When you find the source of water, every lesser well becomes redundant.

Krishna has just said that Vedic rituals aimed at worldly rewards are like a flood: you can't contain the whole river in a small pond. Now he pushes that analogy one step further, comparing all such limited means to small wells.

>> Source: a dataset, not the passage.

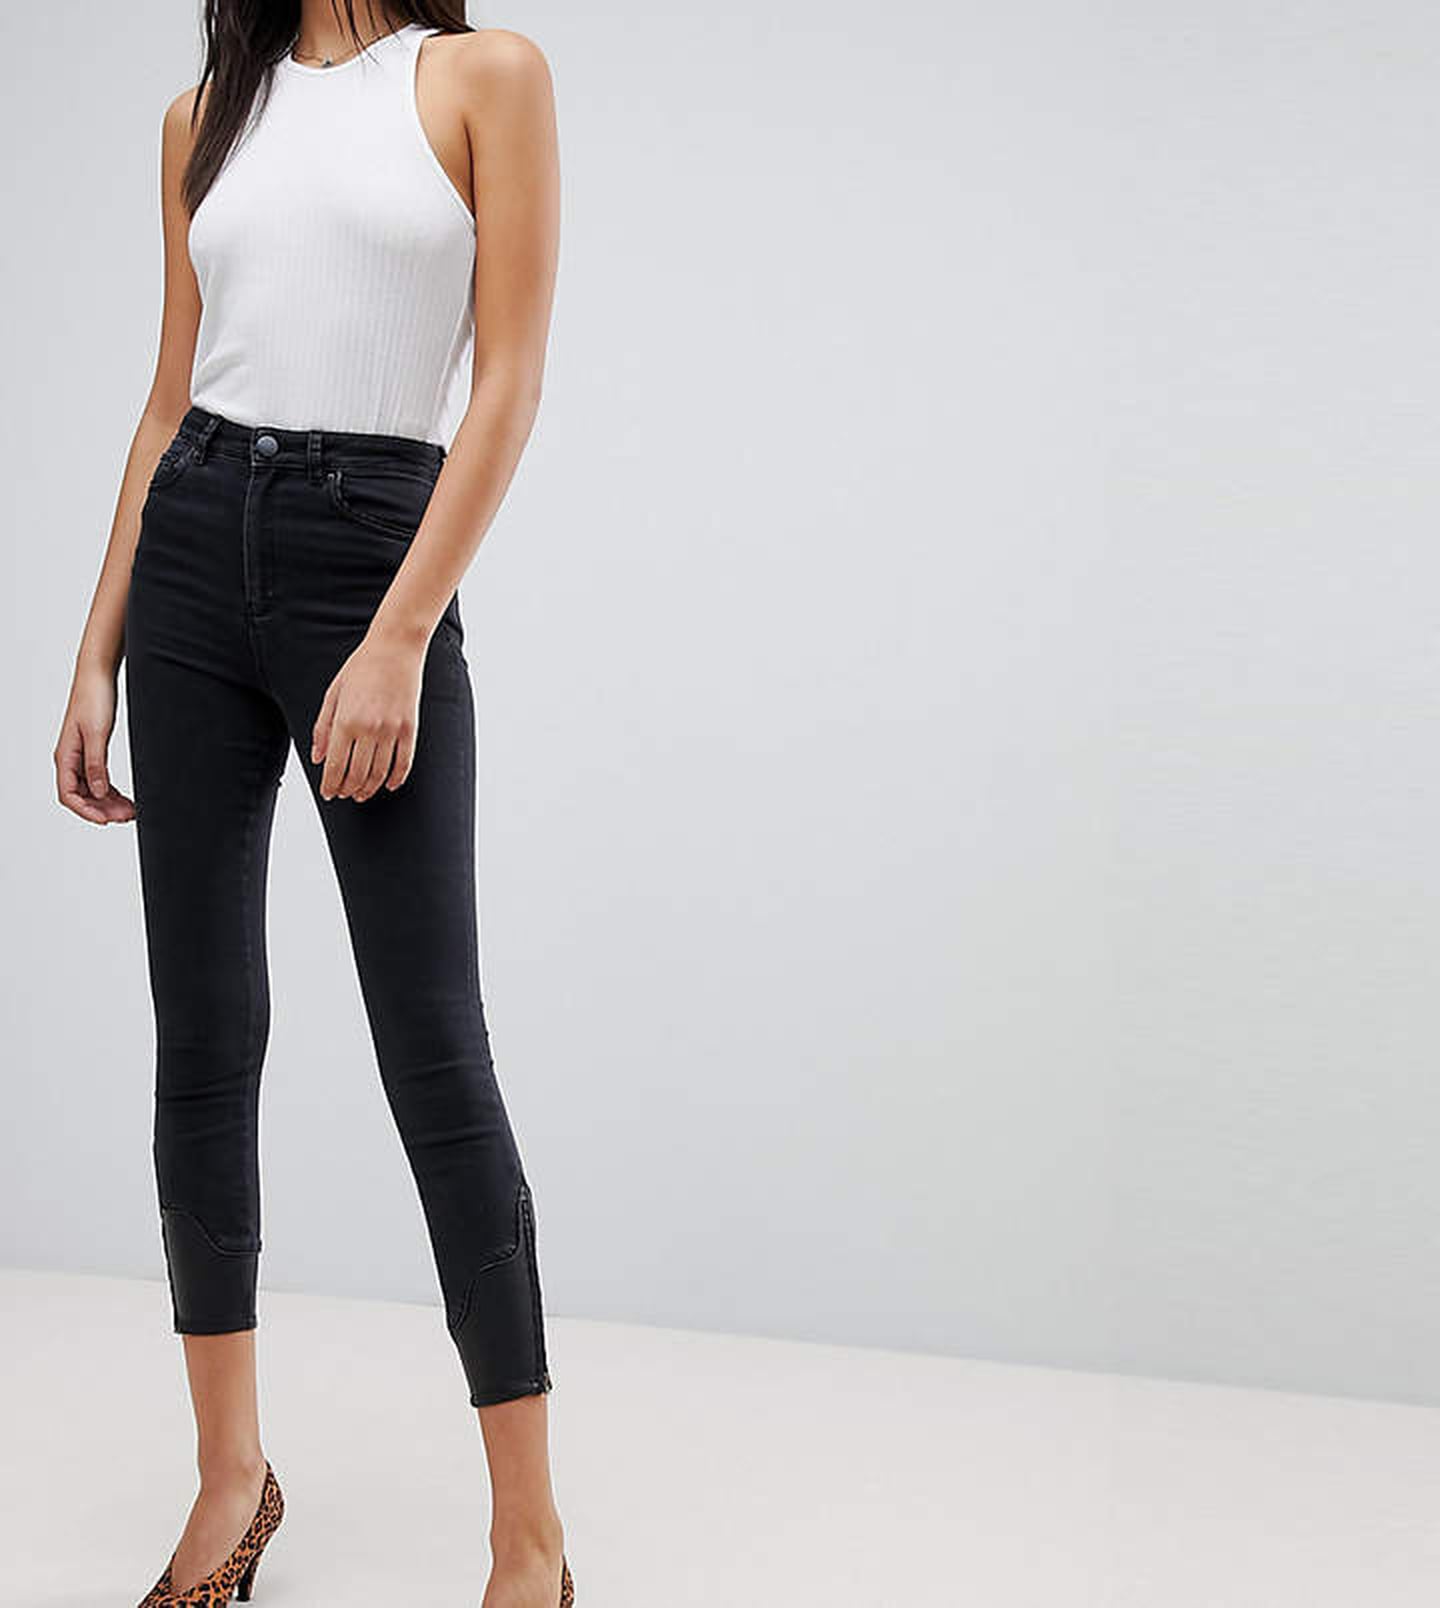 Meghan Markle's Hiut Jeans | POPSUGAR Fashion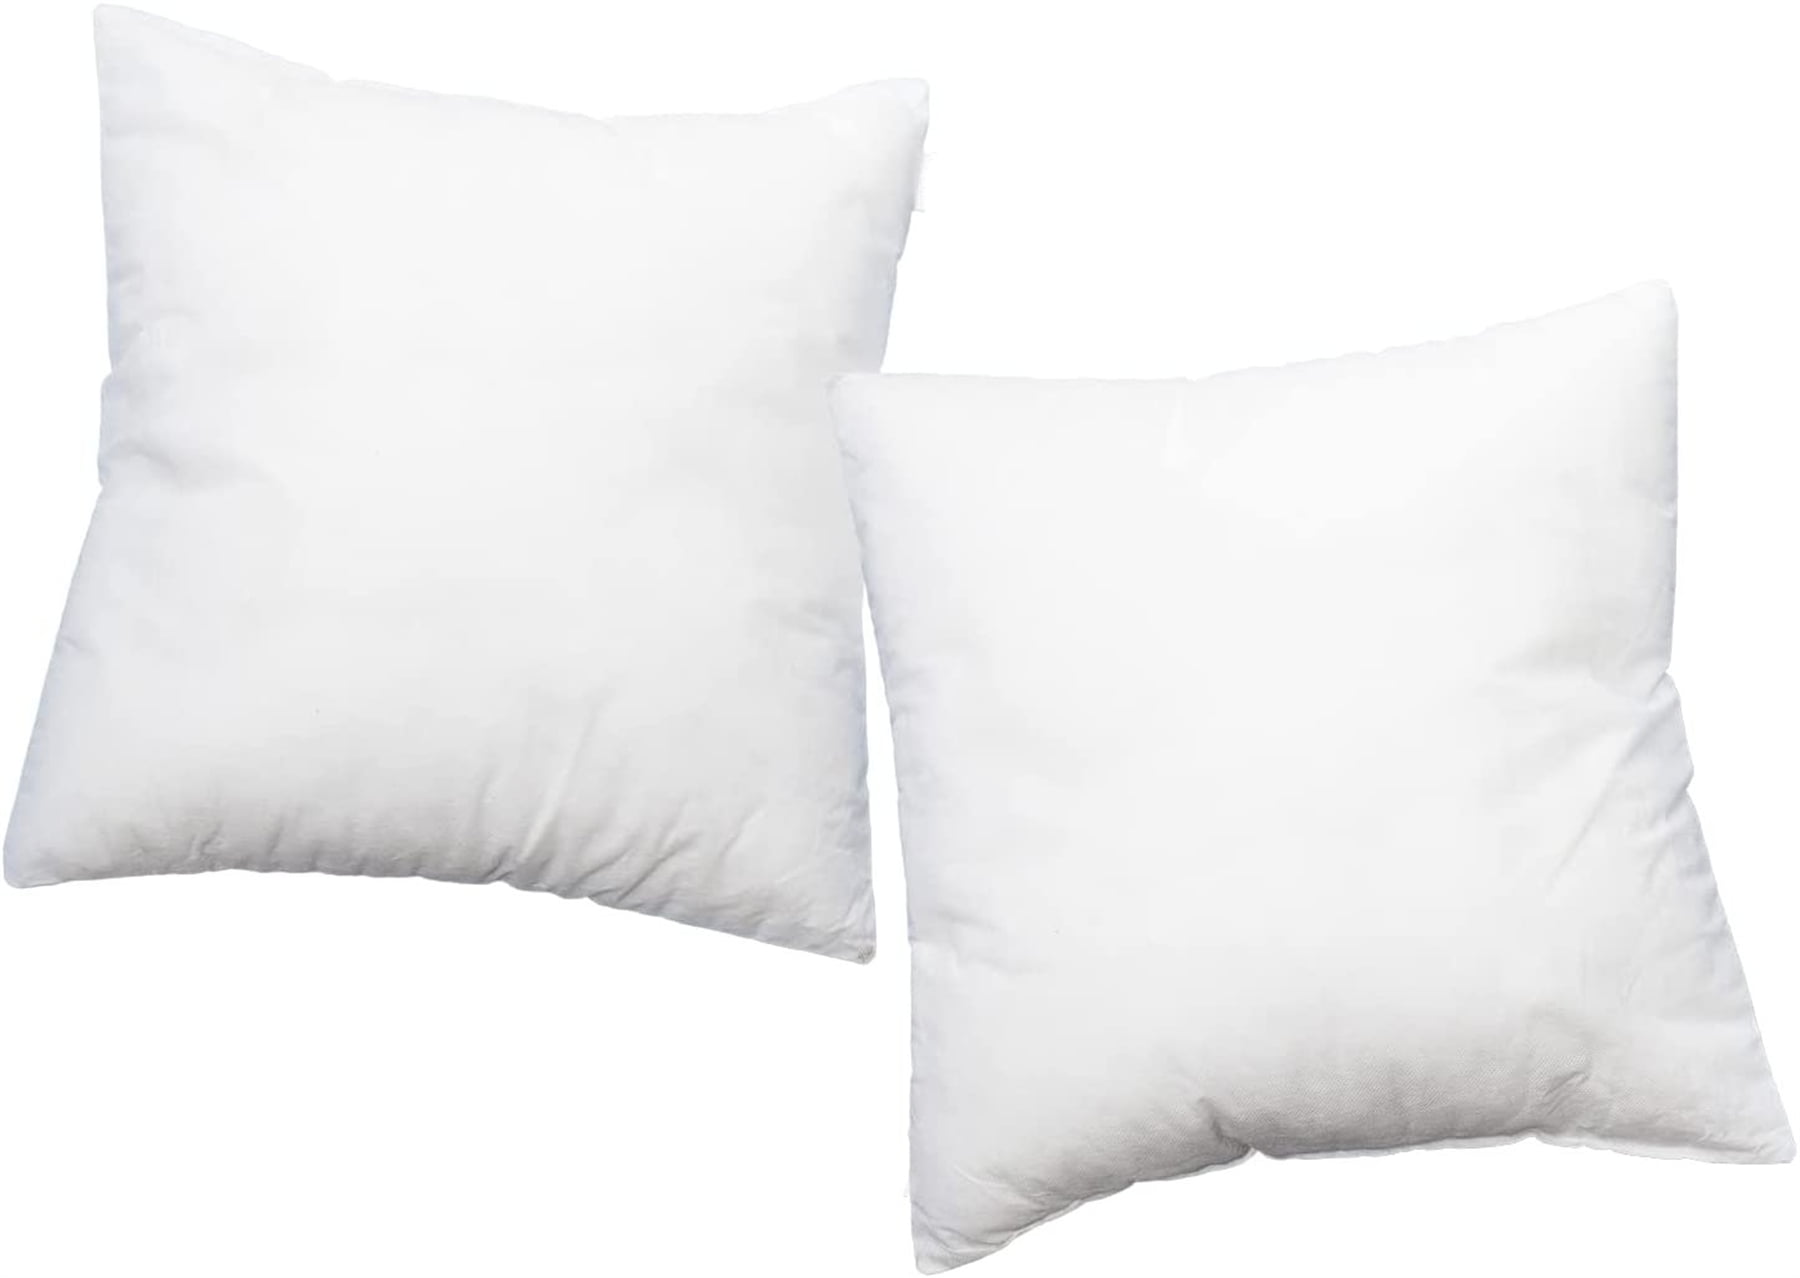  EDOW Throw Pillow Insert, Set of 2 Down Alternative Polyester  Square Form Decorative Pillow, Cushion,Sham Stuffer. (White, 18x18) : Home  & Kitchen

yāvān artha udapāne sarvataḥ samplutodake | tāvān sarveṣu vedeṣu brāhmaṇasya vijānataḥ ||


यावान् अर्थ उदपाने सर्वतः सम्प्लुतोदके । तावान् सर्वेषु वेदेषु ब्राह्मणस्य विजानतः ॥

1.Plain meaning

Whatever purpose is served by a small well when water floods on all sides, that same measure of purpose is served by all the Vedas for a brahmin who truly knows.

2.Line by line

yāvān artha udapāne

"Whatever use a well has..."
Udapāna literally means a well or a step-well, a small basin dug to access water. Artha here is practical use, utility, the thing you actually need it for. The well is not wrong. It does what it does. But its use is proportional to the scarcity of water. When water is everywhere, the well's purpose is not destroyed; it simply becomes contained within the larger availability.

sarvataḥ samplutodake

"...when water floods on all sides"
Sampluta means overflowing, submerged, flooded in every direction. This is not a trickle. This is total saturation. Krishna is pointing at a state of knowing (vijānataḥ) where the thing the Vedas were reaching for is already present, already accessible, not rationed into rituals and procedures. The flood is that knowing.

tāvān sarveṣu vedeṣu

"The same limited use applies to all the Vedas..."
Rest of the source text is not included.